- Source information:
----------

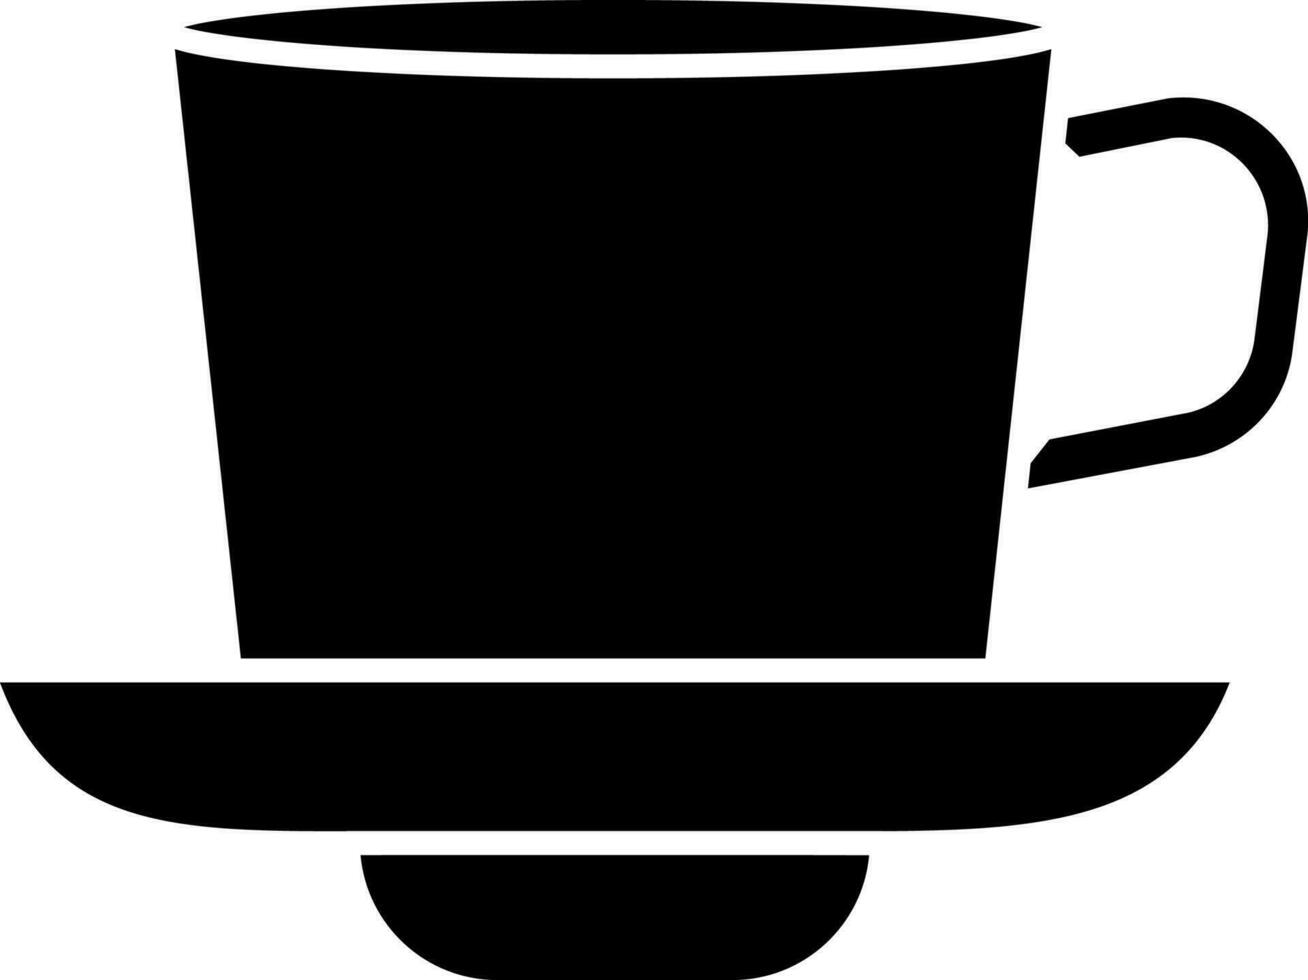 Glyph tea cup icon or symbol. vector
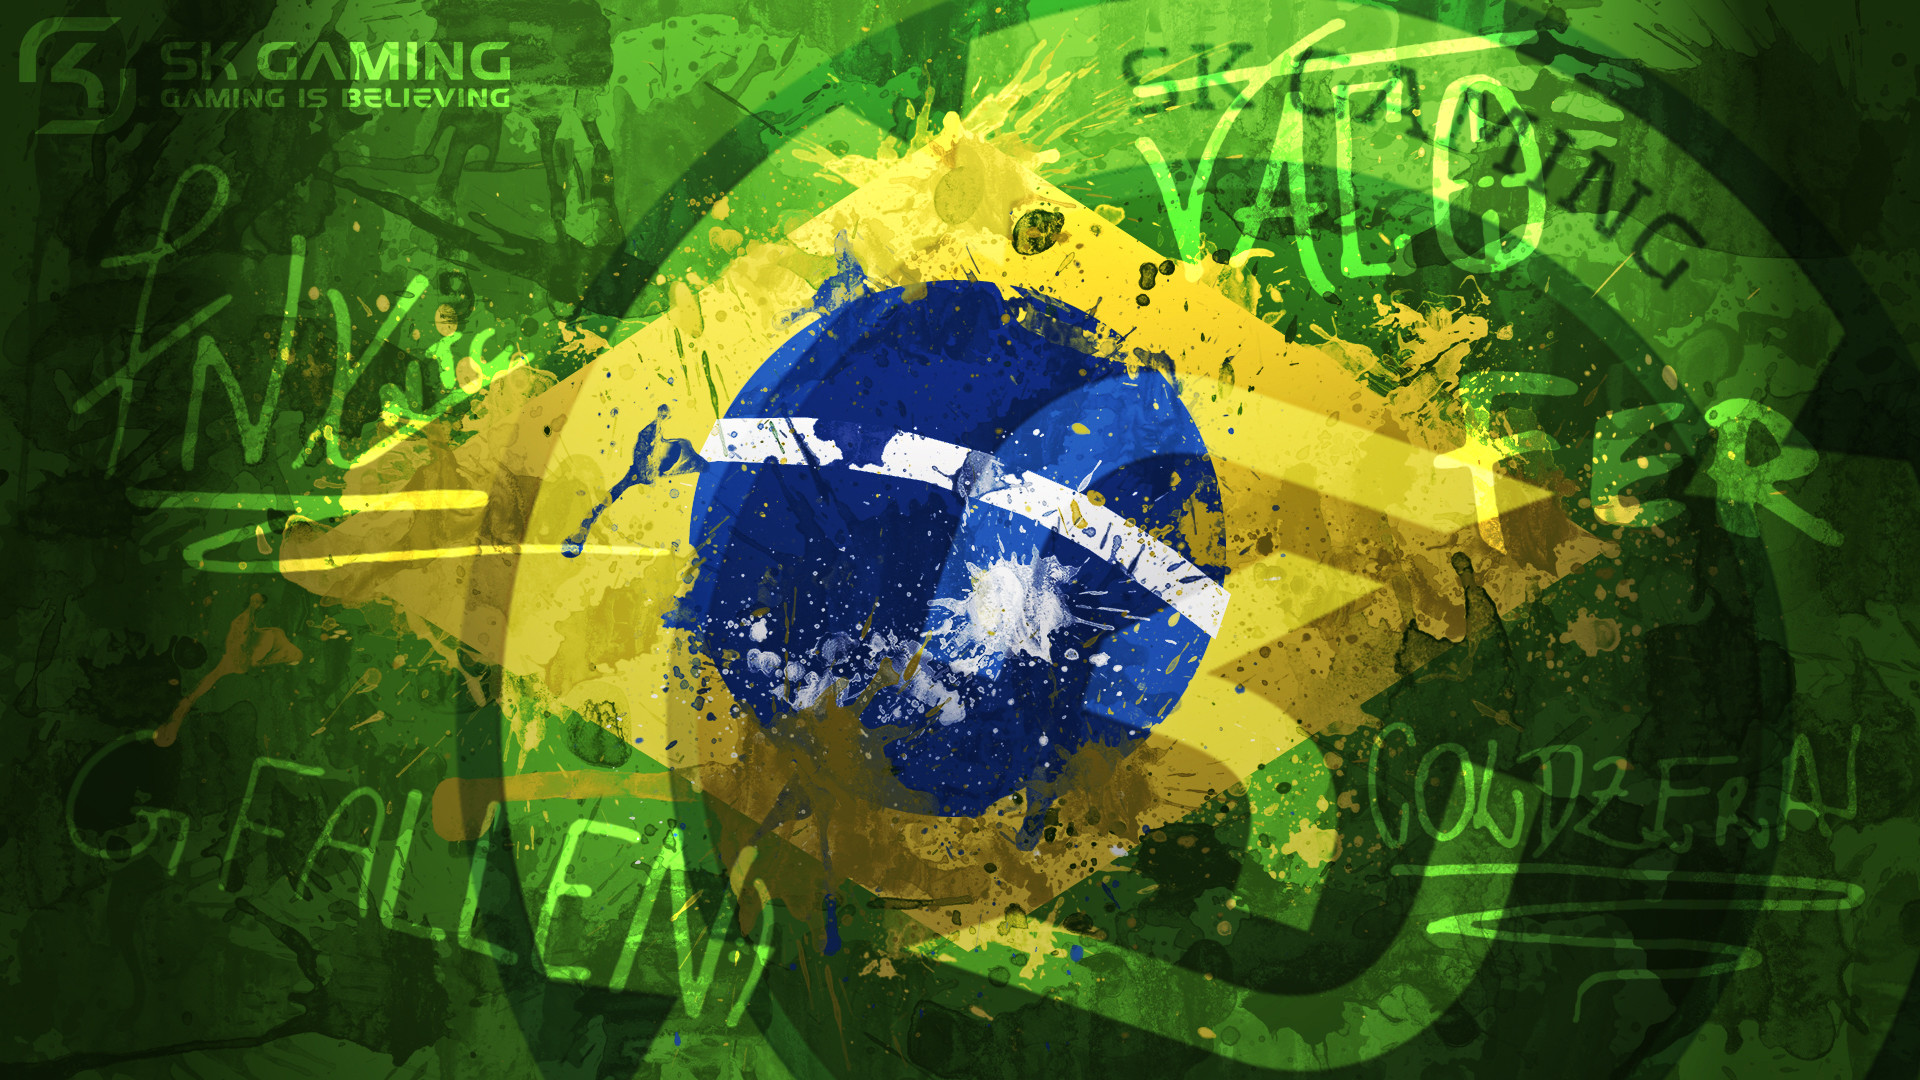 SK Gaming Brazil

----------

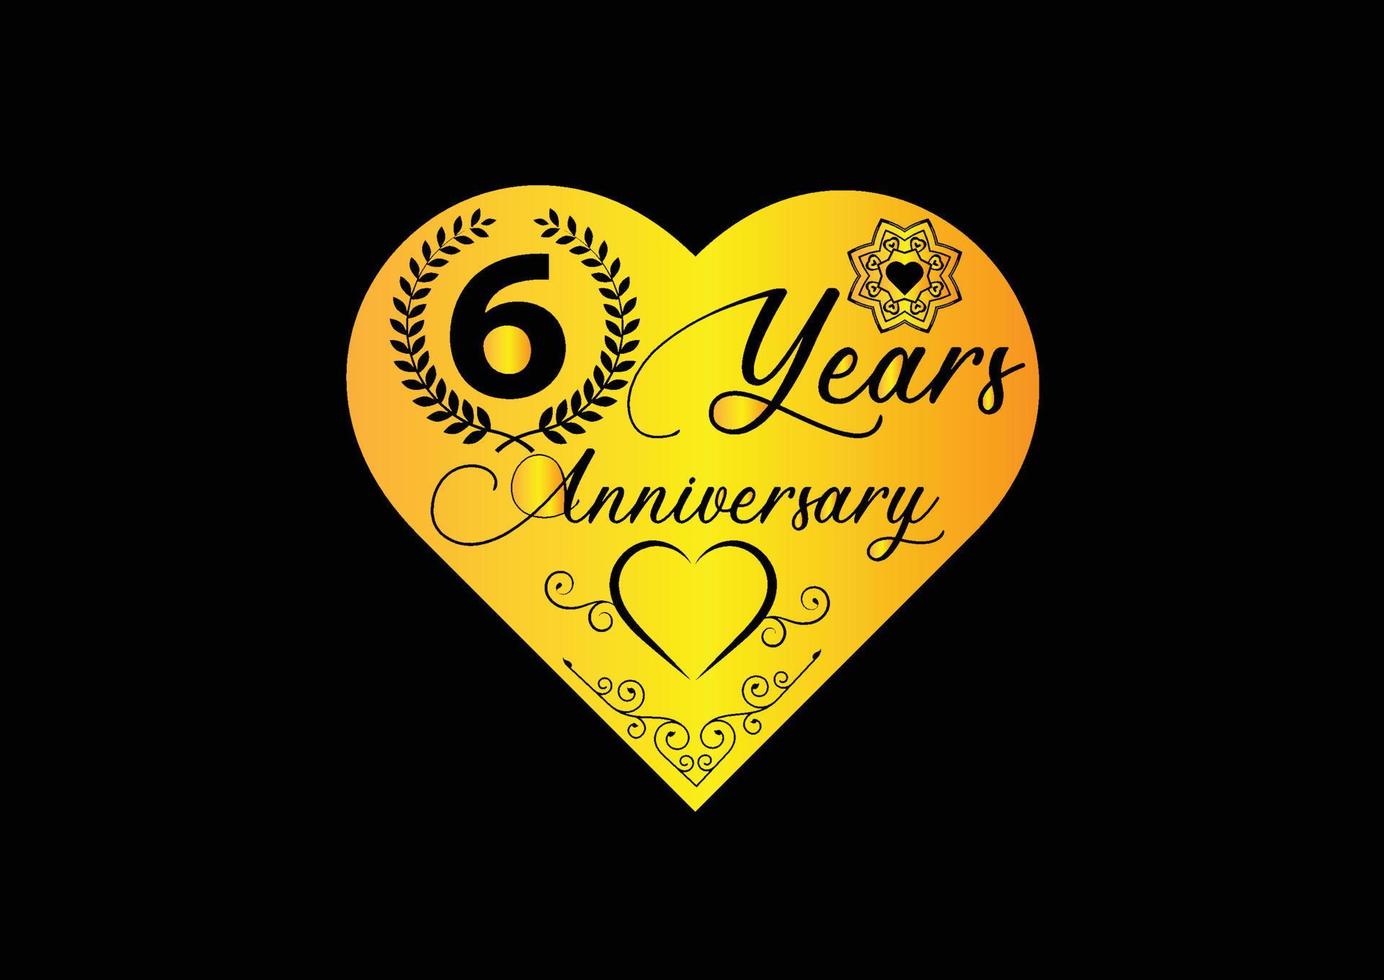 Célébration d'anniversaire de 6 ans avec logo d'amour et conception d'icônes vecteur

----------

- The task: Nothing but the lines above from the line with "Glyph tea cup icon or symbol. vector" up to and including the line with "SK Gaming Brazil" should be returned, exactly as written and without pictures.

- Exercise answer:
 Glyph tea cup icon or symbol. vector
 SK Gaming Brazil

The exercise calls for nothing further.